*WHAT IS REQUIRED*:
Your job is to set down the stretch of entries that opens with the line containing "UNISSUED Caterpillar RP3100" and closes with the line containing "Lunar Eclipse Journal". Keep both end lines, copy each exactly, and add nothing.

*DATA FOR THIS TASK*:
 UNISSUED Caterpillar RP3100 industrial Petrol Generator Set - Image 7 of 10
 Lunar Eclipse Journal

==

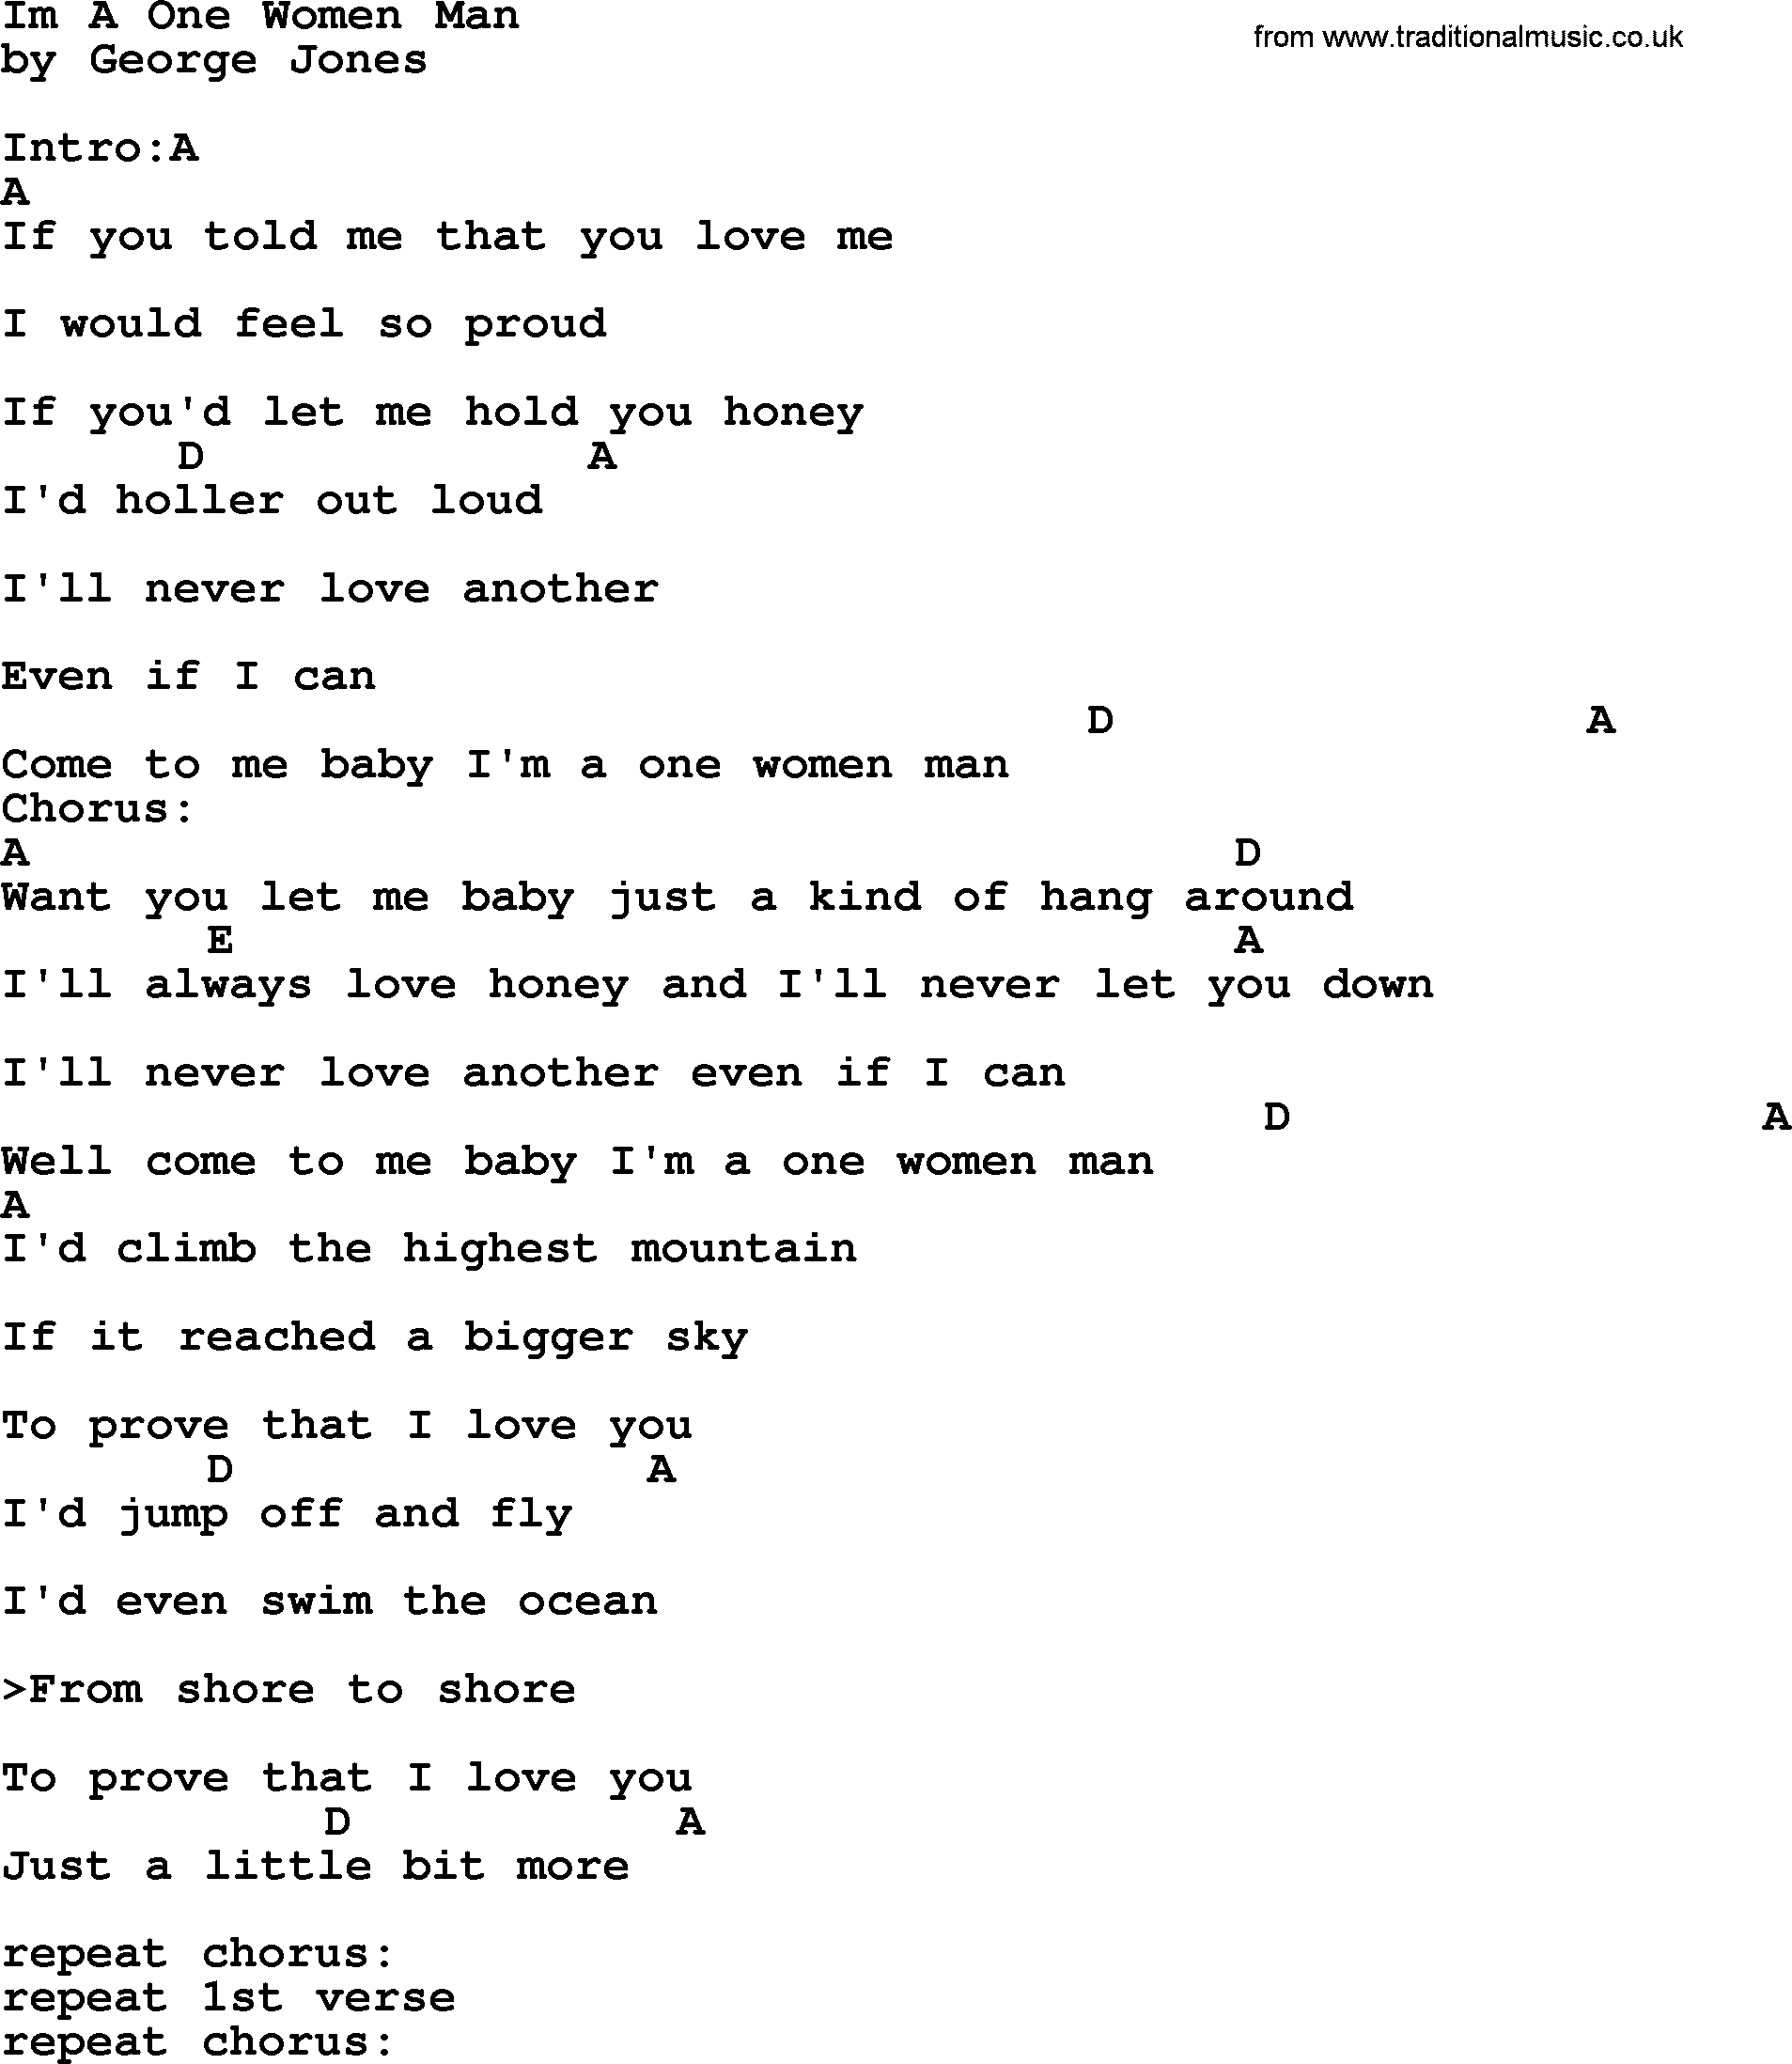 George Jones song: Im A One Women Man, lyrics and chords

* * *

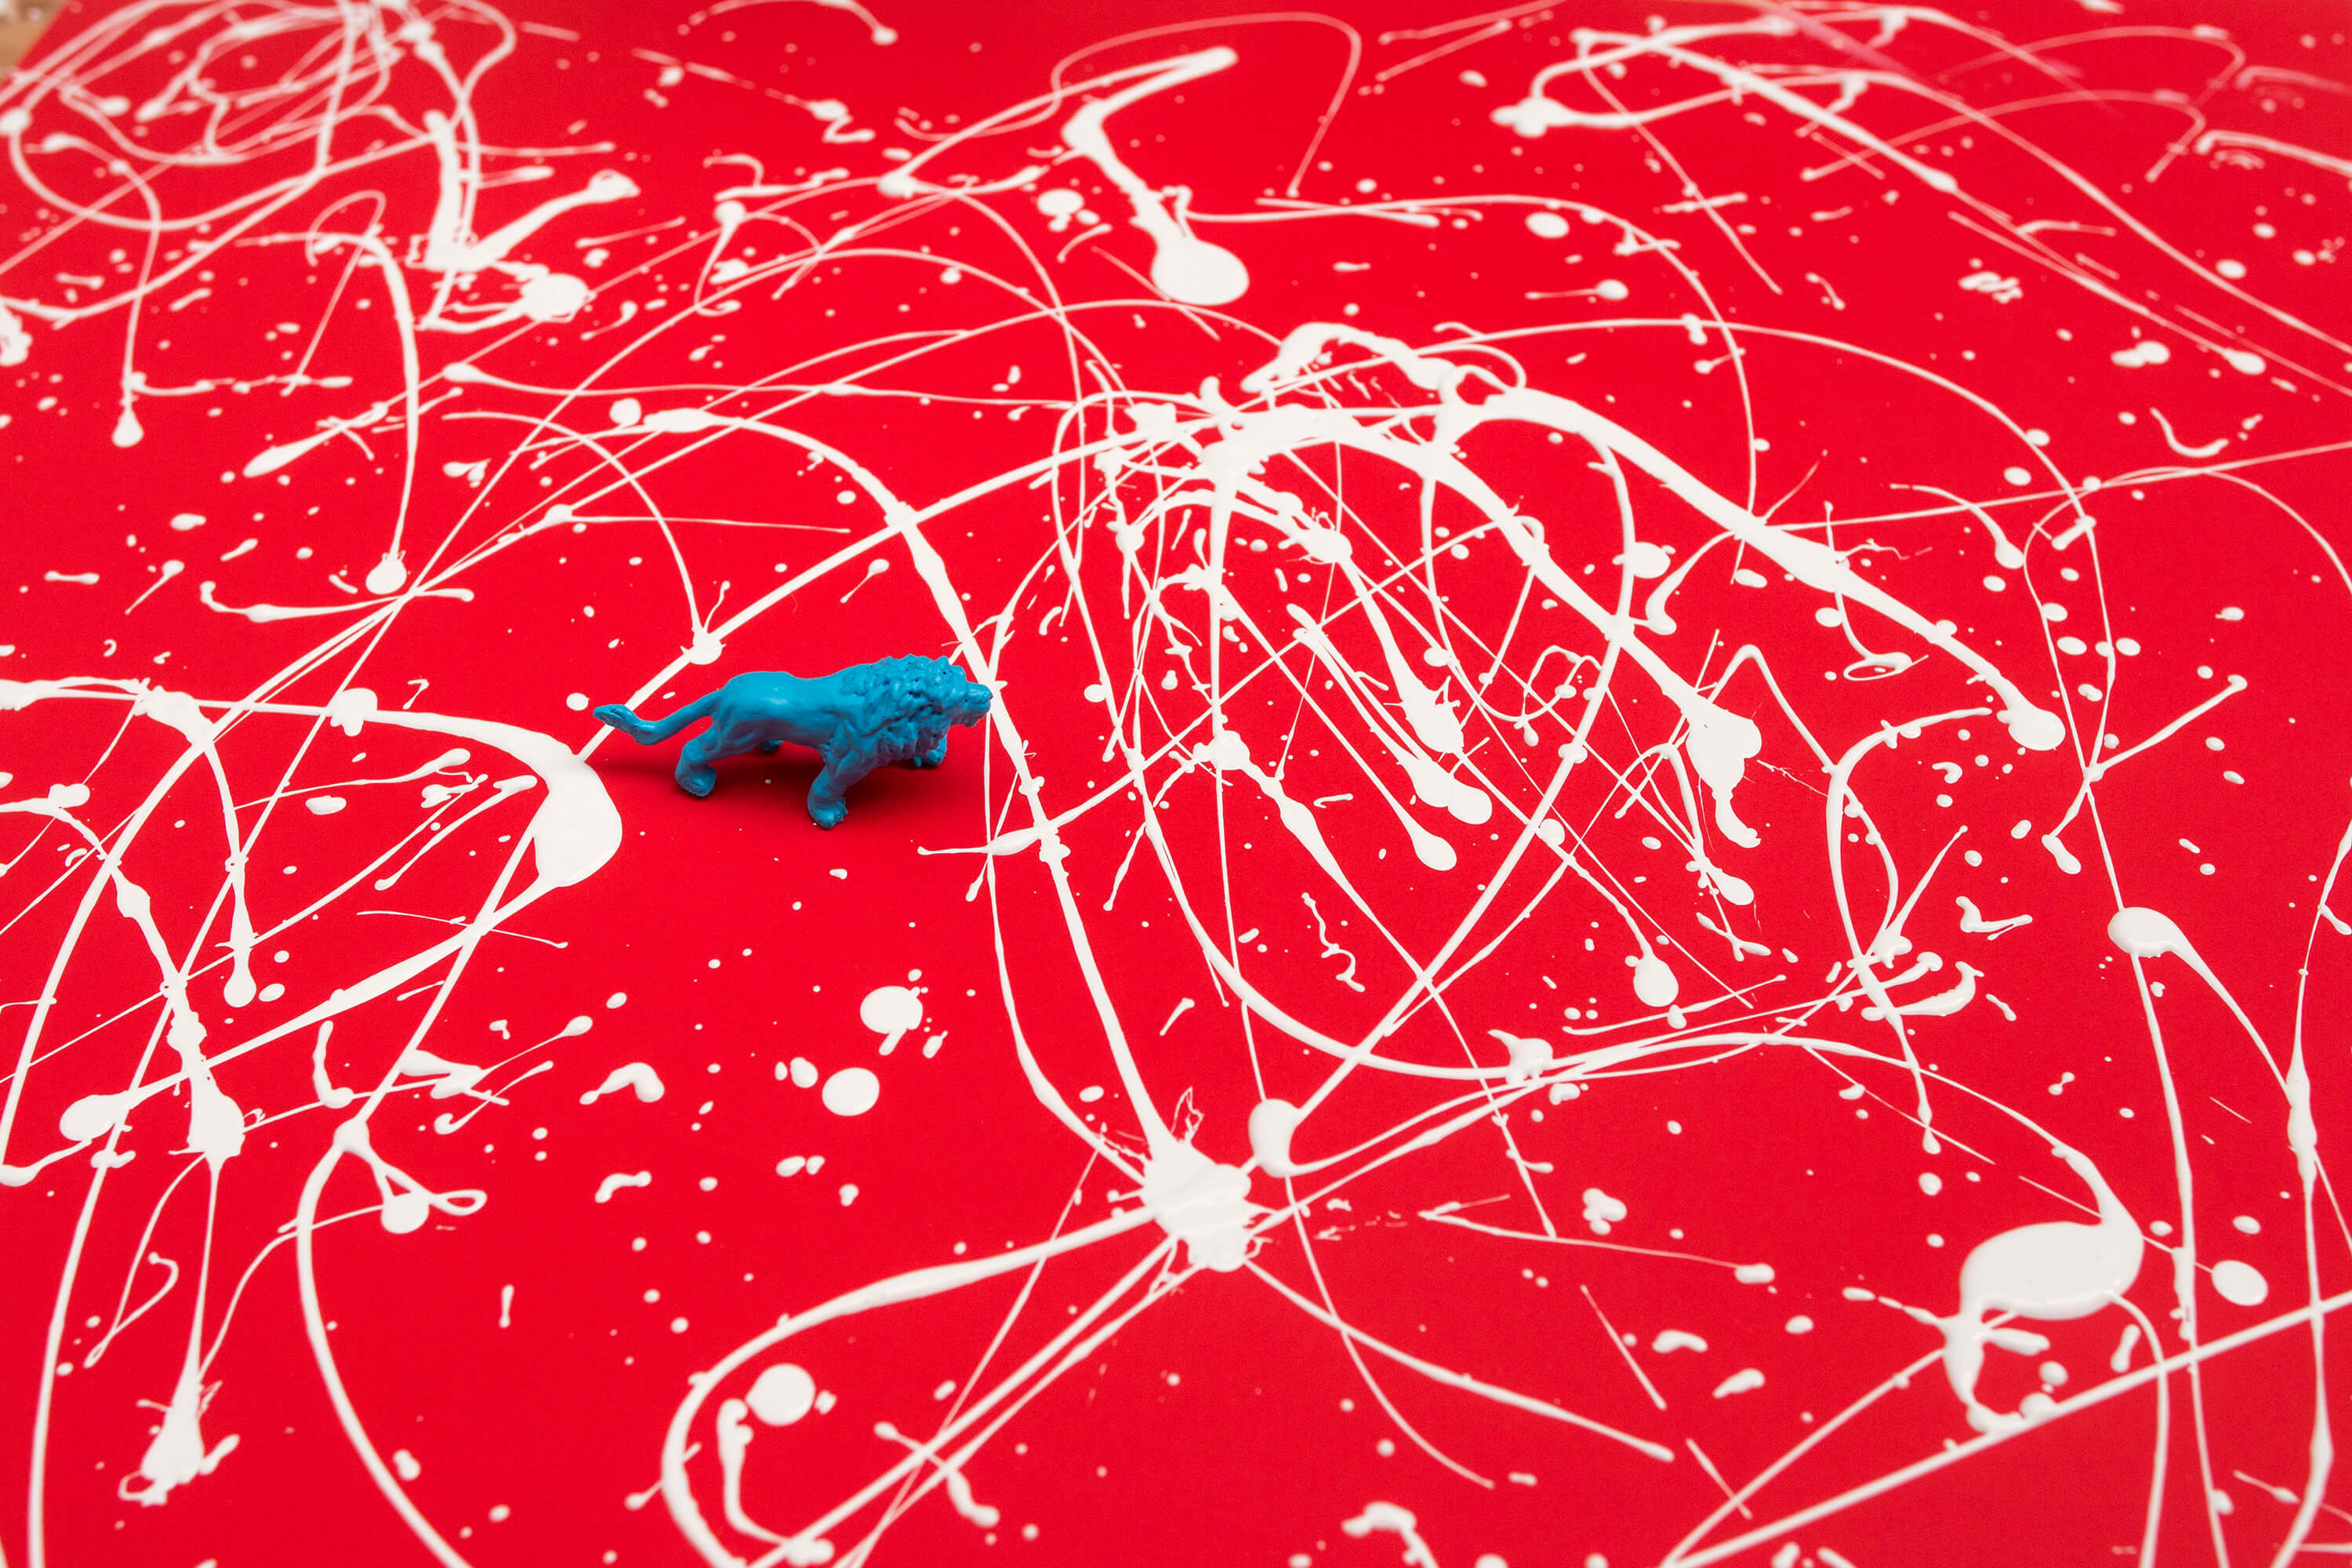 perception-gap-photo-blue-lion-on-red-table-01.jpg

*WRITTEN RESPONSE*:
 UNISSUED Caterpillar RP3100 industrial Petrol Generator Set - Image 7 of 10
 Lunar Eclipse Journal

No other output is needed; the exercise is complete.